To me, Point Reyes is a great lesson. You can use the landscape and not lose the wilderness. They can be side by side. That is such a potential win. Most of the rhetoric is that humans are terrible and we destroy everything, but that’s not a healthy way to look at environmental protection. One of the things that struck me, as I read about wilderness history, was the discussion in the 1970s: it was like that argument within the park service in the ‘40s. Do you let everything in, or are you selective? The wilderness advocates in the ‘70s said, “Let’s bring it all in. The more the merrier.” What people don’t realize about wilderness legislation is that it only applies to federal land. It is a break on the agencies, not anyone else, which is why agencies mostly did not like wilderness in those early days. It limits what they can do in decision-making. It forces them to manage in particular ways.
I was reading one of the hearings for wilderness areas in some other parks. One of them was Mesa Verde... There was a debate about whether a park that had Native American relics could be considered wilderness. They’re like, “Well, it’s really old. It’s okay.” The idea that native people are part of the natural world in a way that other people are not is, when you get down to it, fairly racist.
The reality is that this is all a used landscape. But the definition of what wilderness can be took a fairly radical turn in the ‘90s, coming out of Earth First! with an emphasis on an absolute and pure vision of what it is. And it’s so contradictory, because it is a managed landscape. There’re lots of visitors running around. Why those people don’t count, or counter the untouchedness, doesn’t make sense to me.

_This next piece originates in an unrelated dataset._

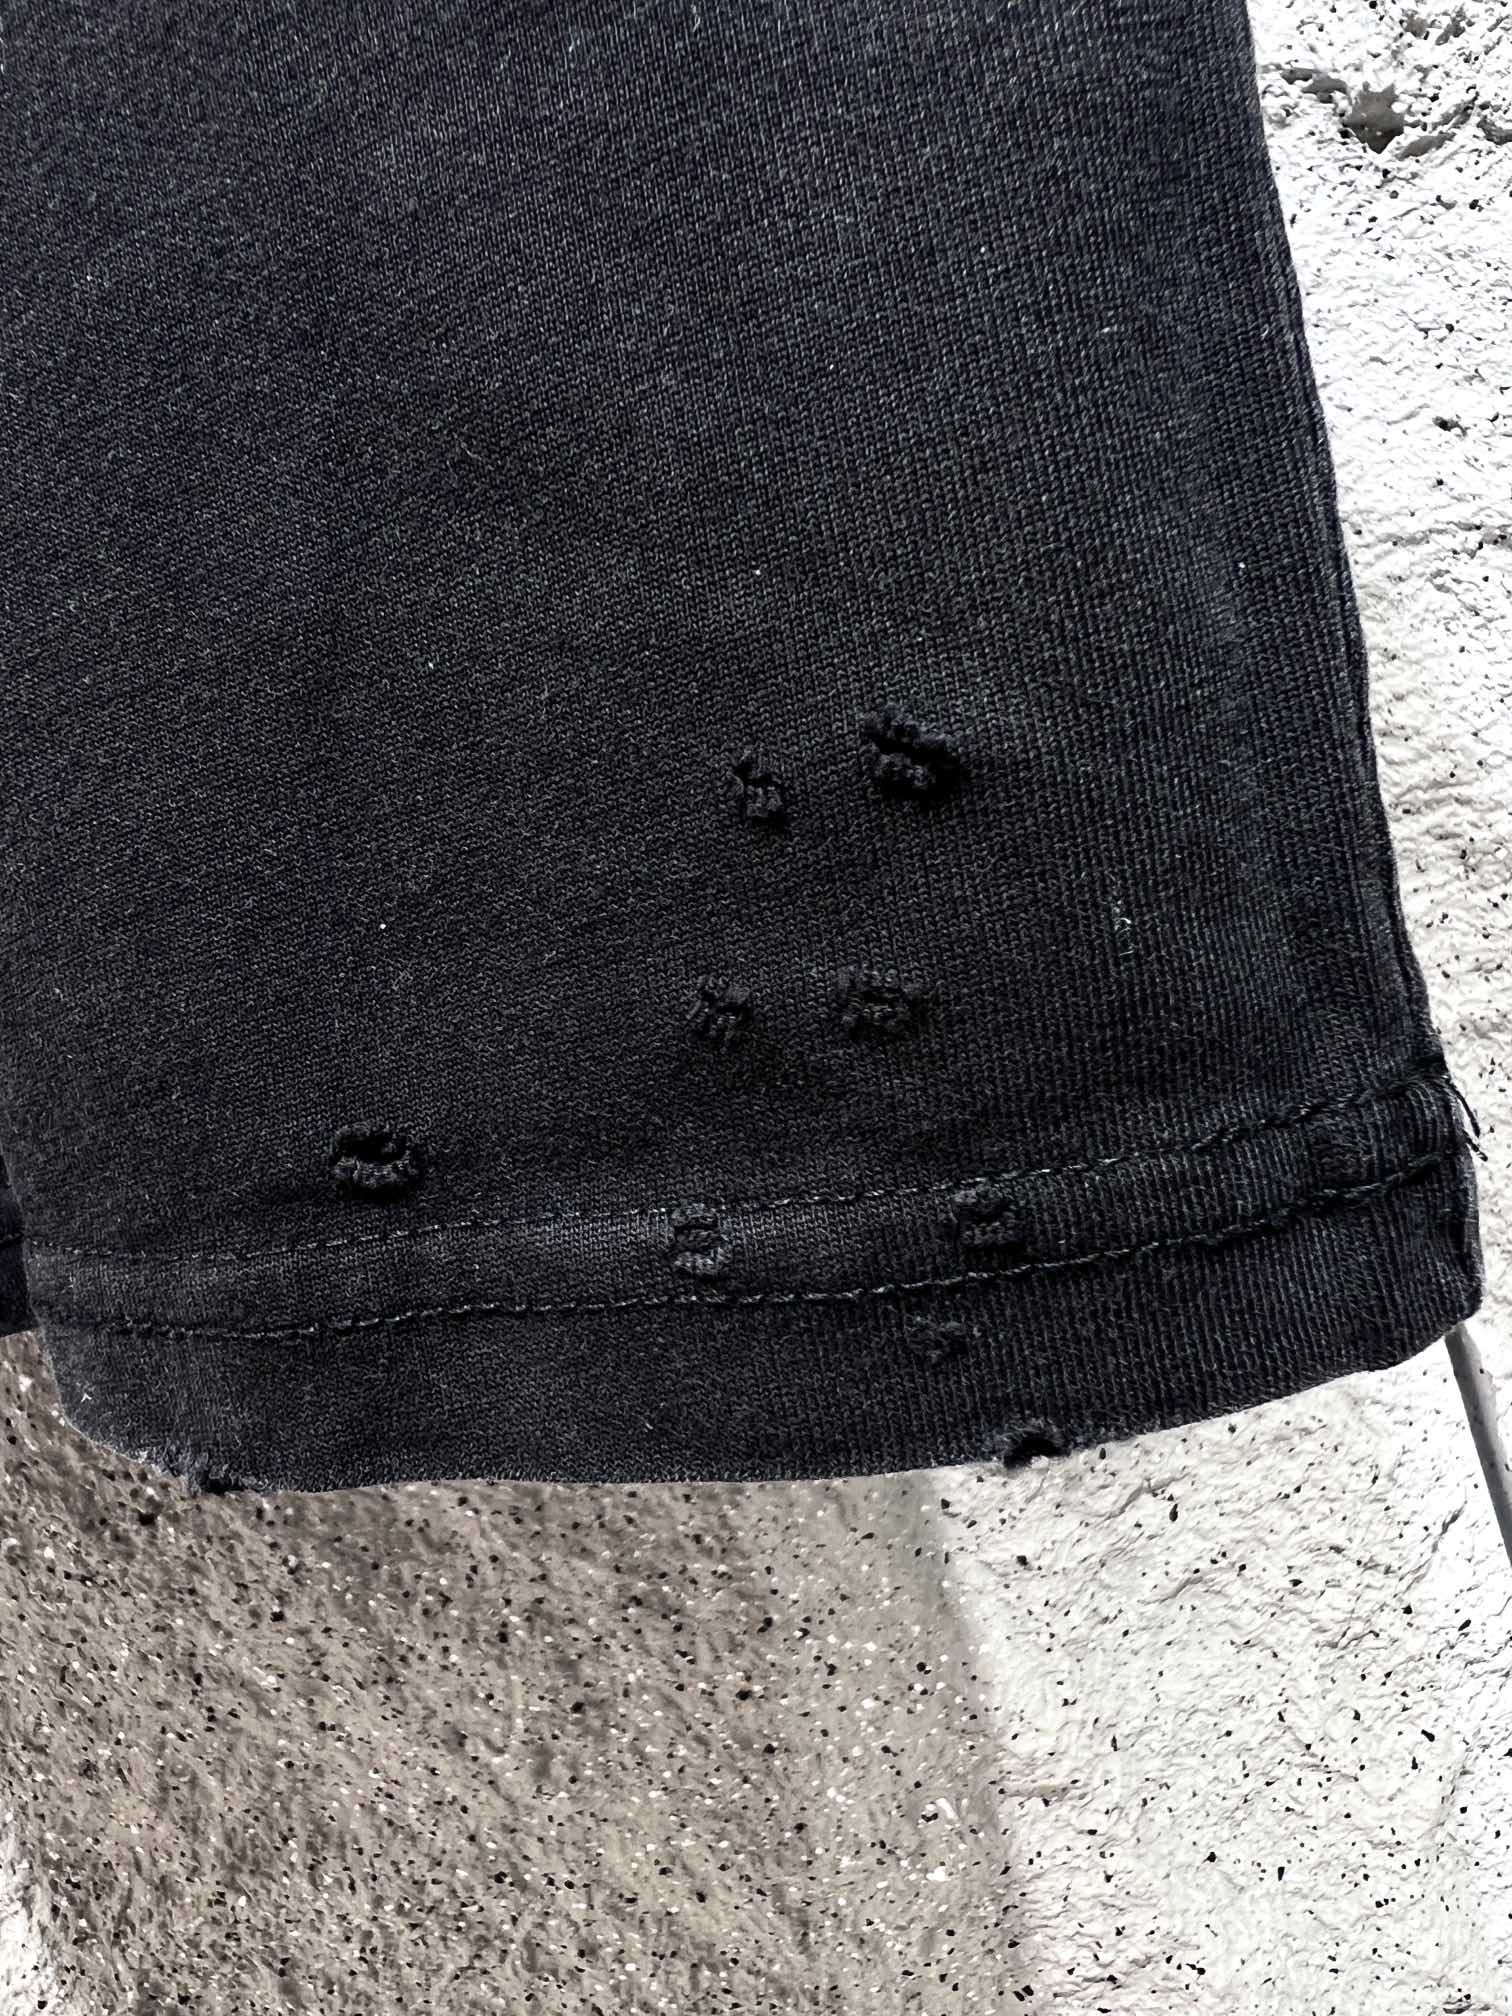 数量限定の爆買 バレンシアガの服コピー トップス 半袖 シンプル 純綿 柔らかい 男女兼用 ブラック_7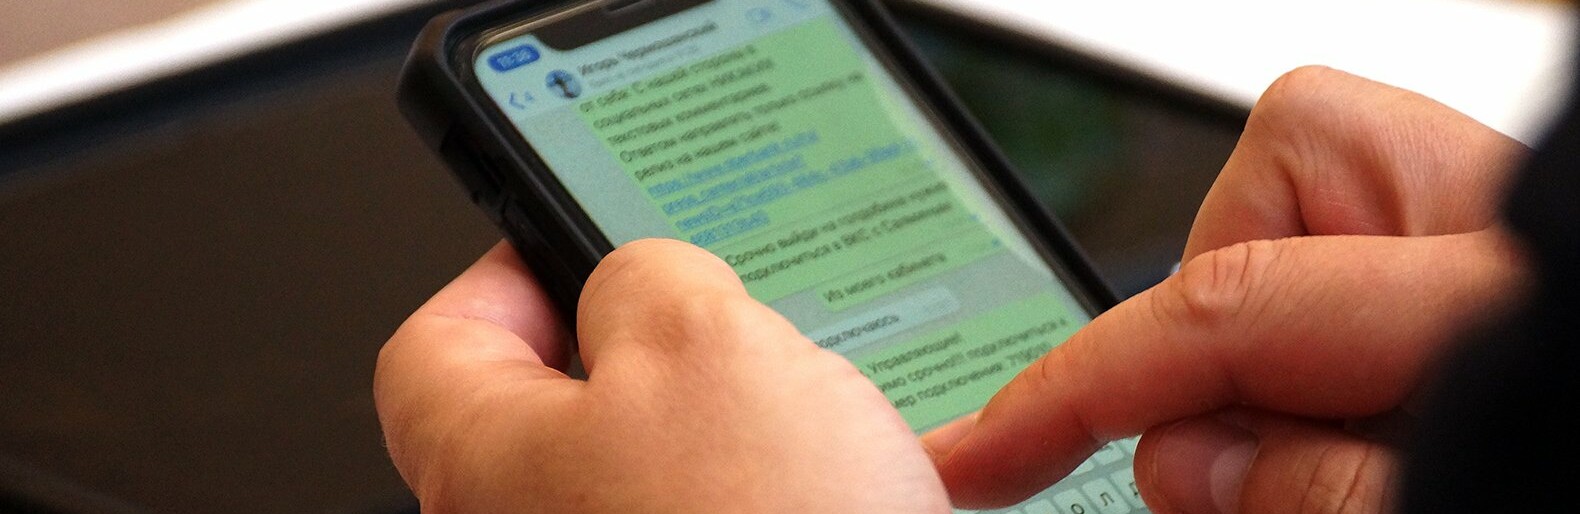 МегаФон: трафик абонентов Белгородской области в Telegram вырос в 5 раз

Many people have watched the documentary “Rebels with a Cause,” and that pretty much asserts that [the park] was needed to stop development. But actually, there is more complication to the story. I hope this book will help things somehow. And, in the same way, remind people that there used to be more ranches. Some left of their own volition and some were pushed. To get that in the open is, I hope, something the book will do. We all edit out things we don’t want to remember.